Sun Netra CT900 Server - Version: Not Applicable and later   [Release: N/A and later ]
Sun Netra CT900 Server - Version: Not Applicable and later    [Release: N/A and later]
Information in this document applies to any platform.

Purpose

For Netra CT900 related problem, more than often, the /tmp/debug.log file from the ShMM is require to look into the possible RC of the problem --- especially it is a chassis related problem.

This article shows how to read through /tmp/debug.log file and what are the points of interest regarding to certain type of problems.

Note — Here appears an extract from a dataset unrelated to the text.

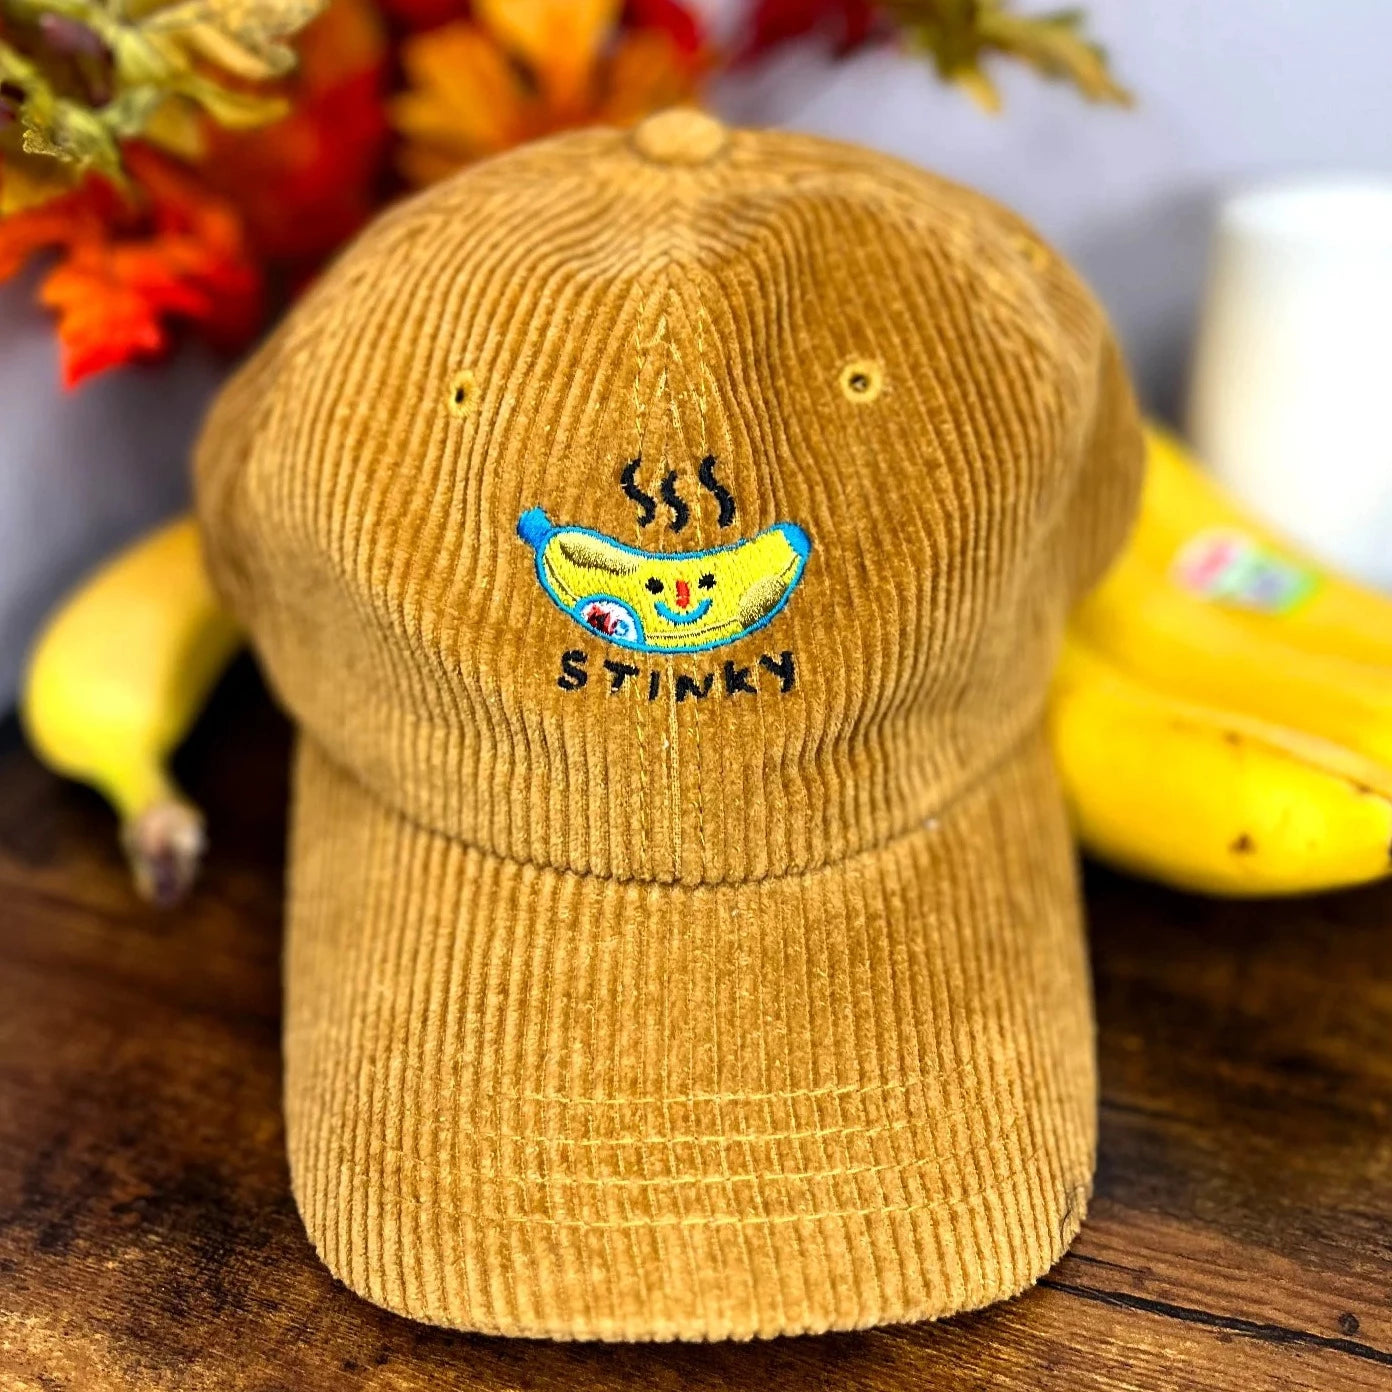 Stinky Banana Corduroy Hat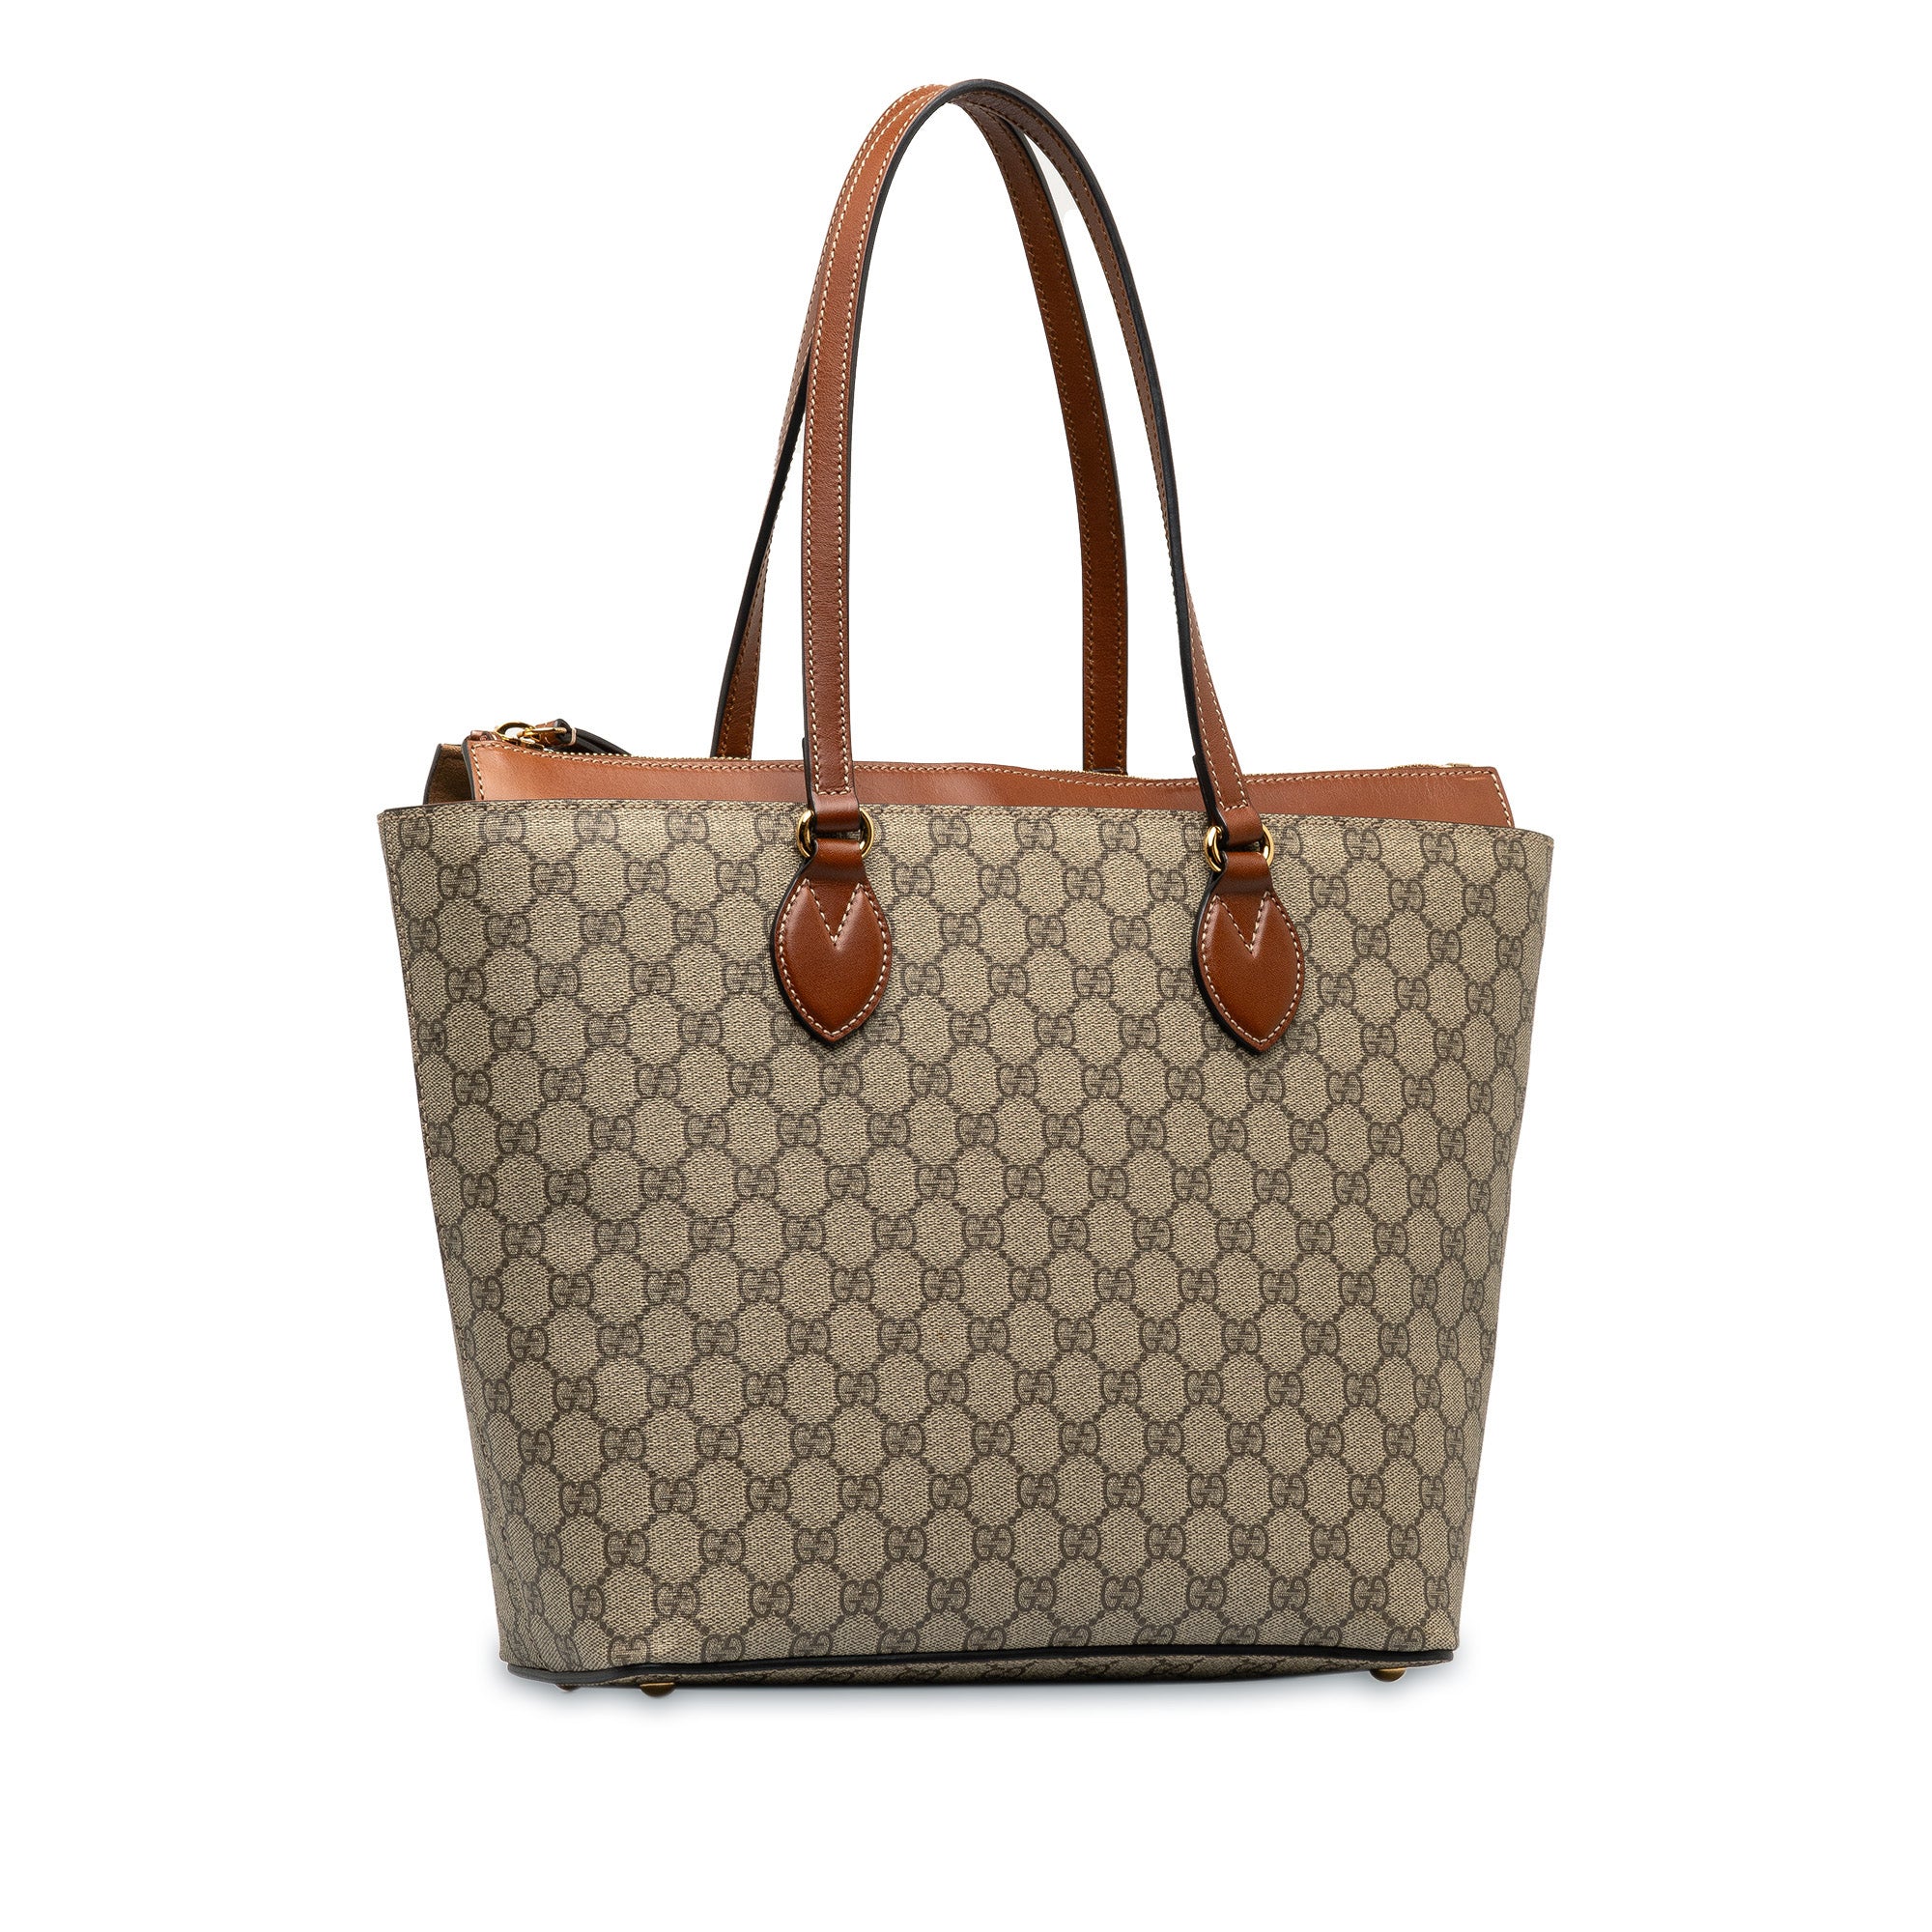 Gucci Beige & Black Small GG Marmont Shoulder Bag

Netra CT900: How to read ShMM's debug.log file

Data Collecting

If /tmp/debug.log file does not exist on "Active" ShMM, execute the /etc/summary script to generate it:


# ./summary
PING 10.133.104.1 (10.133.104.1): 56 data bytes
84 bytes from 10.133.104.1: icmp_seq=0 ttl=255 time=8.4 ms

--- 10.133.104.1 ping statistics ---
1 packets transmitted, 1 packets received, 0% packet loss
round-trip min/avg/max = 8.4/8.4/8.4 ms
send debug file /tmp/debug.log to PPS
#

Content of debug.log file

The /tmp/debug.log file is an equivalent of Explorer files to ShMM. Each session is separated by a header. Here is a list of header in a /tmp/debug.log file:
  • Shell Environment Variables
  • U-Boot Environment Variables
  • Network Interfaces
  • Network Routing
  • Current Process List
  • CPLD State
  • Shelfman version
  • Shelfman status
  • ShMC LAN Configuration
  • Active RMCP Sessions
  • PEF Configuration
  • Board Information
  • Detailed IPMC Information
  • Detailed FRU Information
  • Fan List
  • Cooling State
  • Fan State
  • FRU Sizes
  • Shelf FRU Info
  • System Event Log
  • Shelfman output to syslog
Each section contains some useful information. Here are some of the most important ones:

  • Network Interfaces: Contains the IP address and showing whether the ShMM is configured as a 2x IP (A floater IP that stick with "Active" ShMM and the other stick with "Backup" ShMM) or 3x IP (Top and bottom ShMM has its own static IP address, and one additional floater IP address associated with "Active" ShMM whether it is top or bottom one) --- the 3x IP configuration usually uses the eth0:1 interface.
  • Shelfman Version: Contain the firmware version of ShMM.
  • Shelfman Status: Show the ShMM is "Active" or "Backup". Usually the debug.log from Active ShMM is more useful because many commands are not allowed in the Backup ShMM.
  • ShMC IPMB Address: Shows the ShMM is top one (shm1, with IPMB address of 0x10) or bottom (shm2, with IPMB address of 0x12).
  • Board Information: Generic information of each slot --- usually shows the type of blade, A/RTM, and their current Hot Swap State.
  • Detailed IPMC Information: Details of IPMC records. ShMM also plays the role of handshaking between switch blades and computing blades; therefore these records also can be used to identify if computing blade is connecting to switch blades.
  • Fan List
  • Cooling State
  • Fan State: These three sections contain information regarding of the chassis fan tray and temperature sensors (chassis and blades).
  • System Event Log: Event lot of interactions between ShMM and chassis components.
  • Shelfman output to syslog: Syslog of ShMM.

Type of Issues

There are several types of chassis problems that could use debug.log file to locate the RC.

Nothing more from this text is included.